As we can see Svm Linear works better than knn implementations. Both performance time and accuracy. I changed C 0.1 to 1000.
While C is getting bigger leaf.csv's accuracy is increasing. But iris.csv's accuracy getting decreasing. C = 100 is a good parameter for these datasets.

I couldnt figure out roc curves with multiple classes, but i do k-fold cross validation and used confusion matrixes anyway.

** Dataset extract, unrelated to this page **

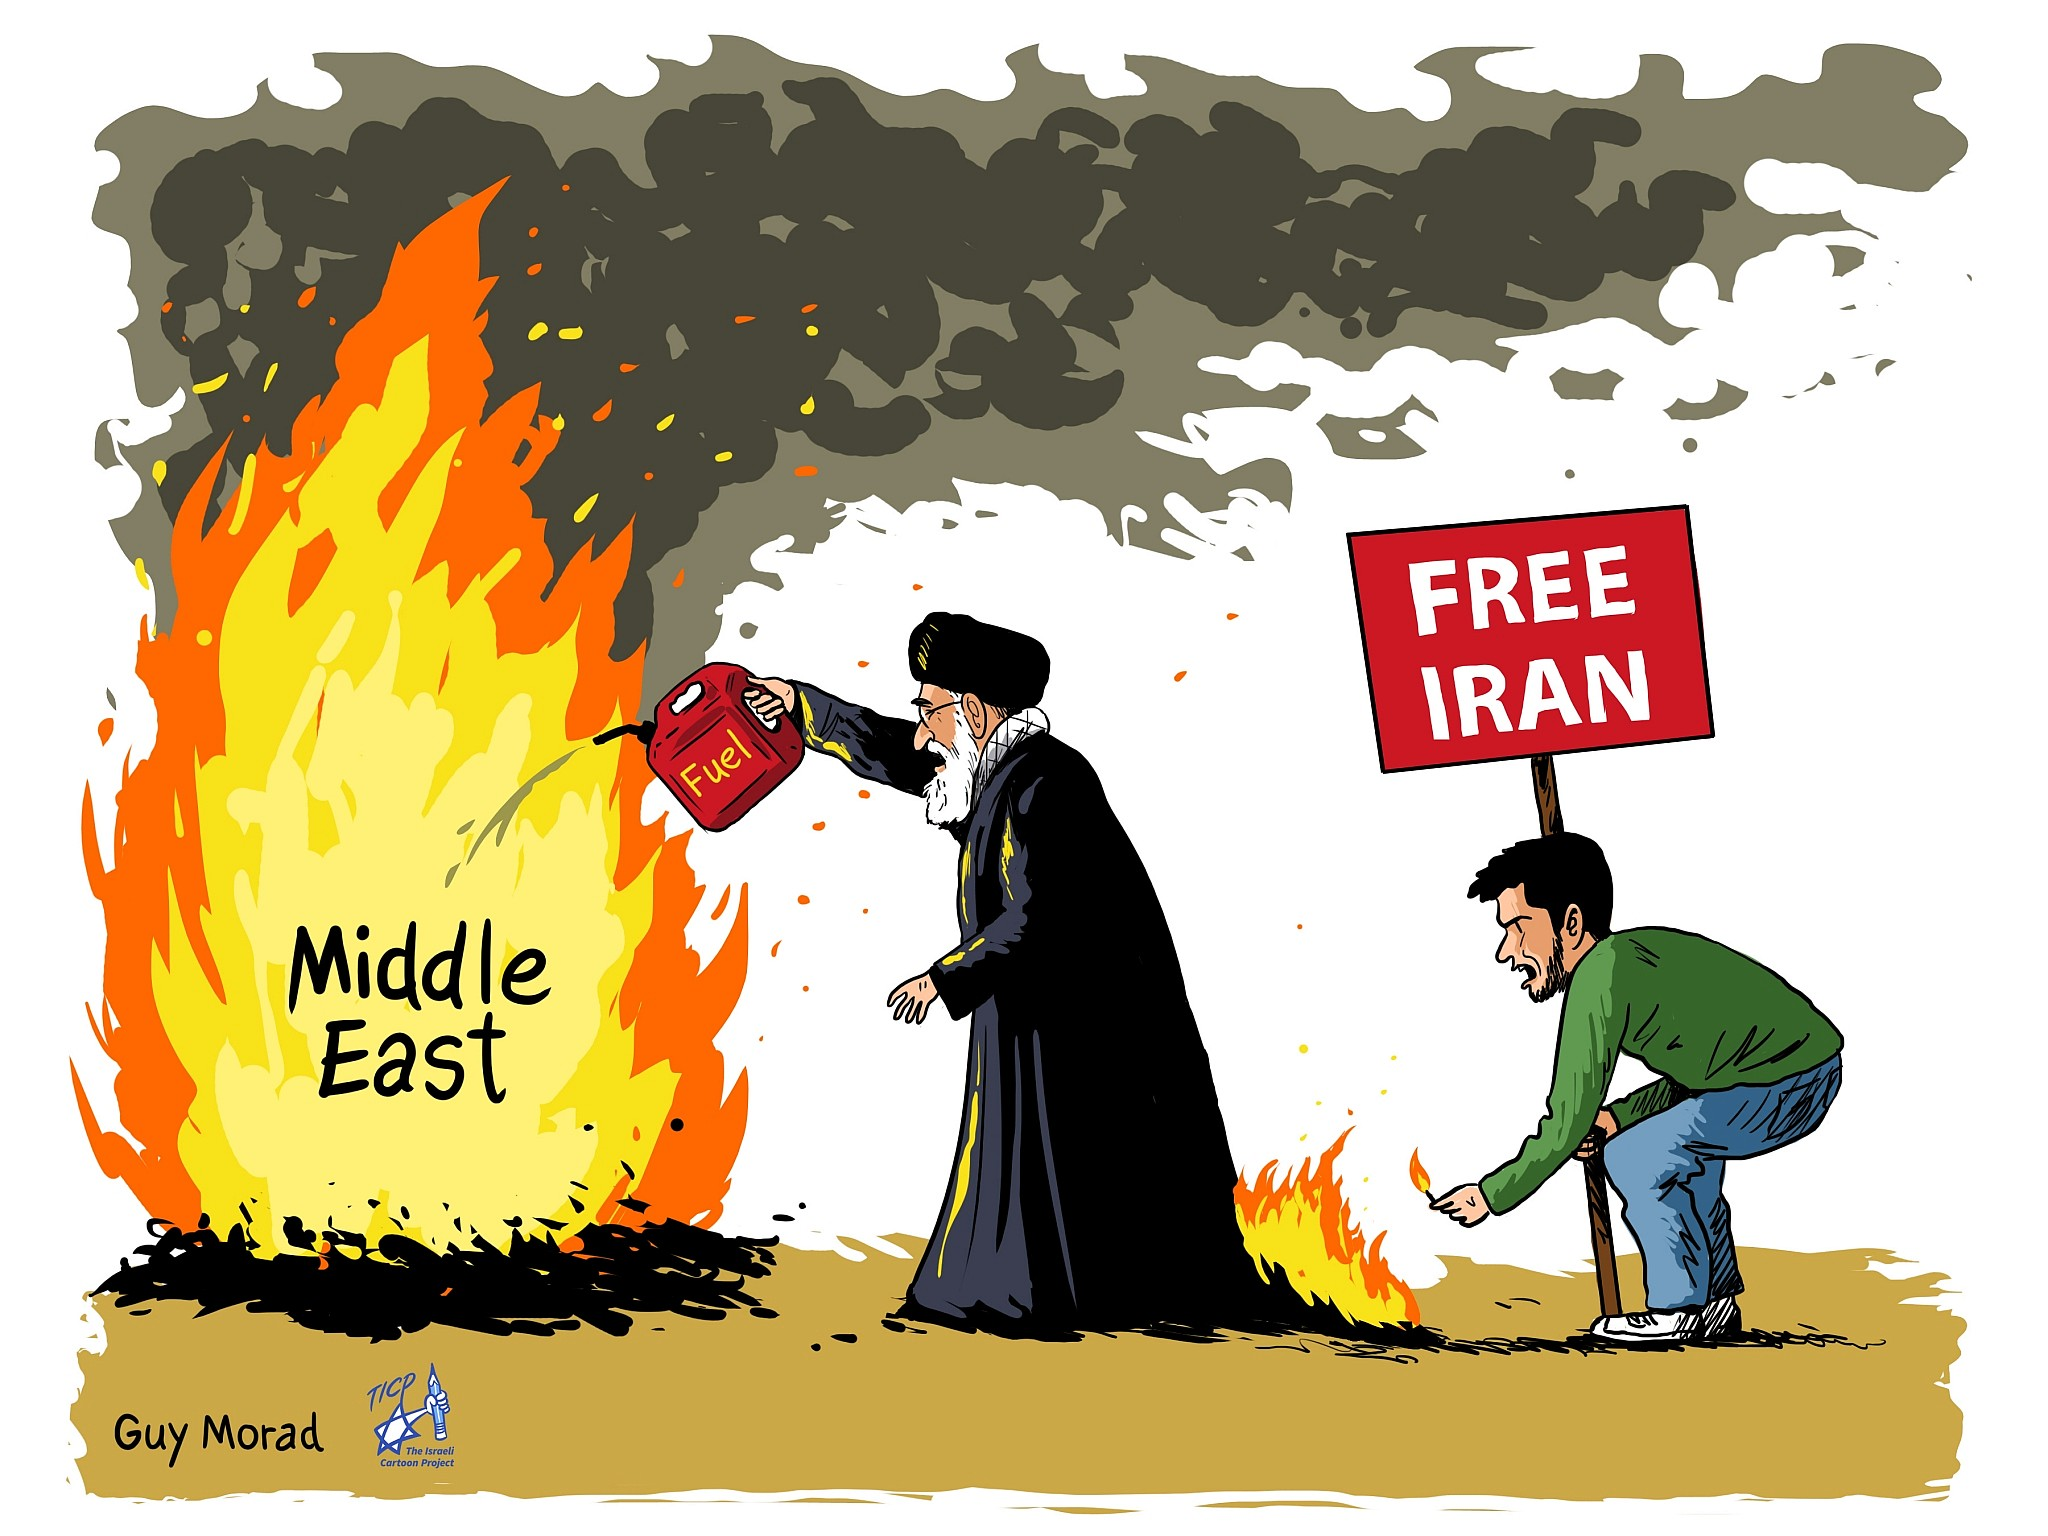 The Iranian regime in limbo
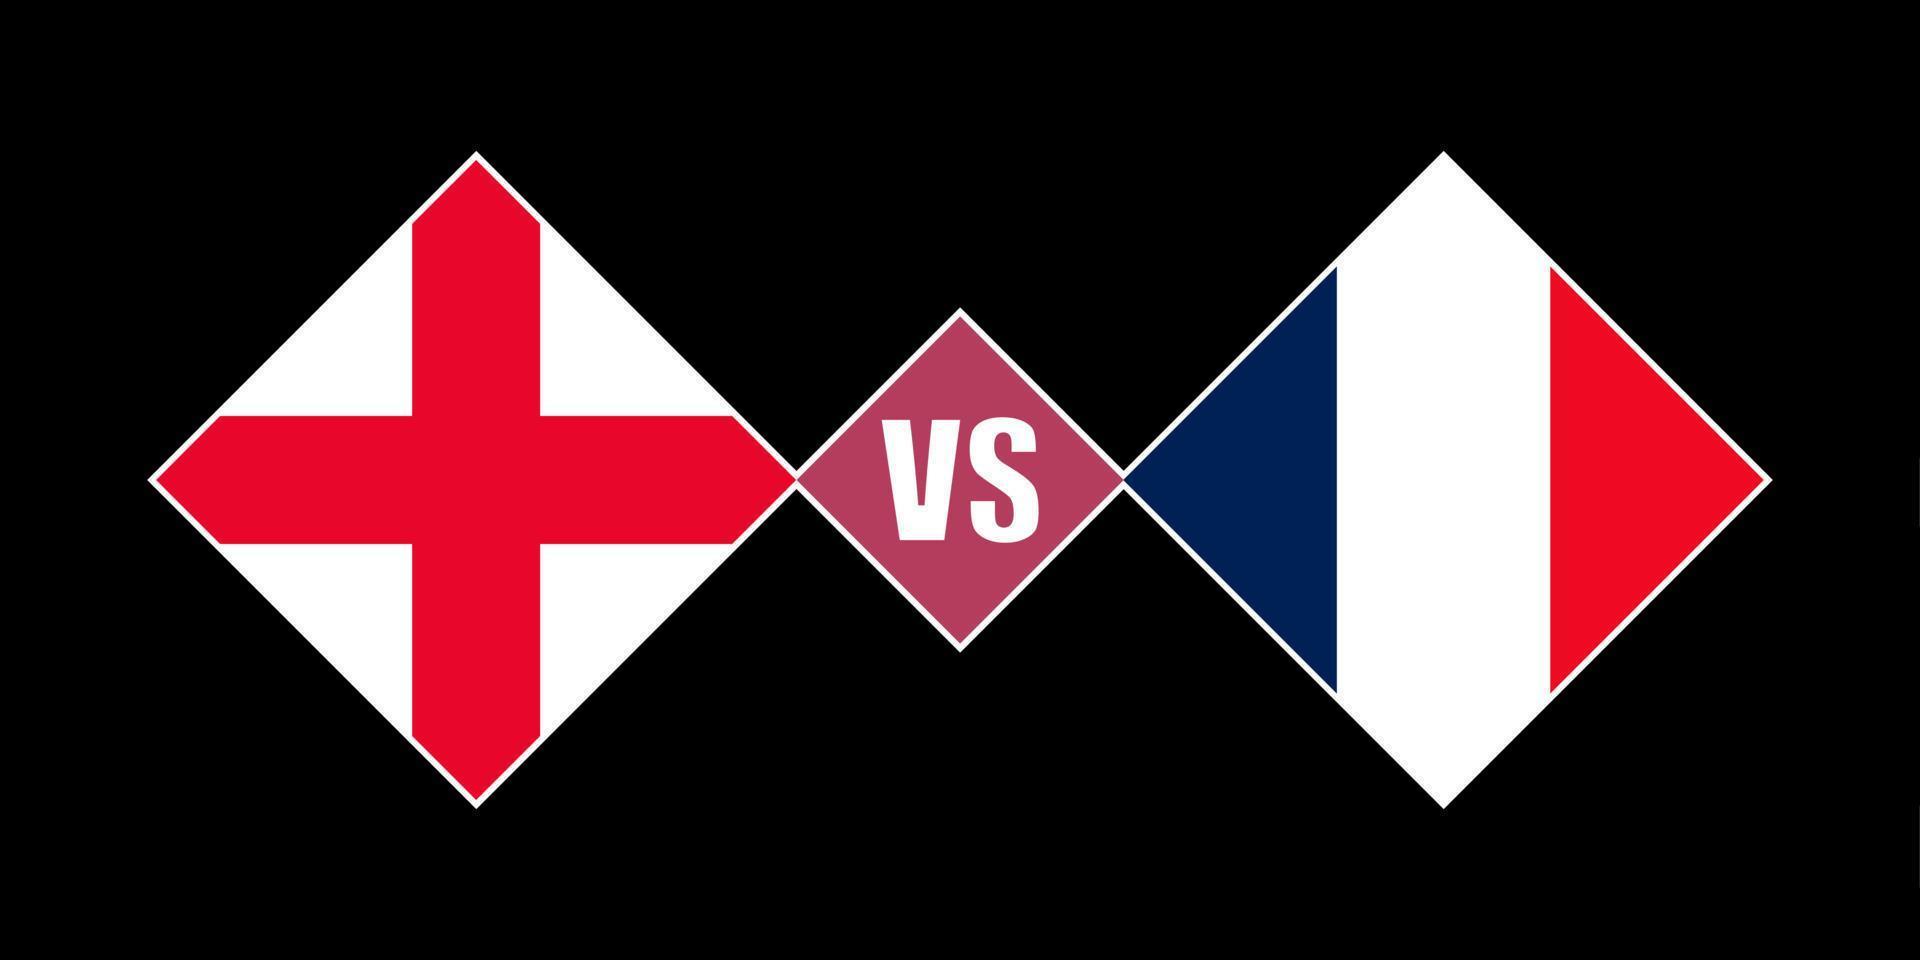 Engeland vs Frankrijk vlag concept. vector illustratie.

# Part4 with polynomial svm

In [27]:
def svmTrain(train_labels,train_features,classes):
    X = np.array(train_features)
    mapped_train_labels = [] # All classes mapped to 0,1,2,3,4...
    for label in train_labels:
        mapped_train_labels.append(classes.index(label))
    y = mapped_train_labels
    clf = svm.SVC(kernel='poly', C = 100,degree=3)
    clf.fit(X,y)
    return clf

hw1(4,"leaf",5)
hw1(4,"iris",5)

leaf .csv with Svm Polynomial:
accuracies: [0.5882352941176471, 0.6470588235294118, 0.6029411764705882, 0.6470588235294118, 0.4852941176470588]
Average accuracy: 0.5941176470588235  Performance time: 0.14404535293579102 s Total samples: 340
iris .csv with Svm Polynomial:
accuracies: [0.9666666666666667, 0.9666666666666667, 0.9666666666666667, 0.9666666666666667, 0.9]
Average accuracy: 0.9533333333333334  Performance time: 0.4468722343444824 s Total samples: 150


As we can see polynomial degree of 3 works worse than linear svm for our dataset.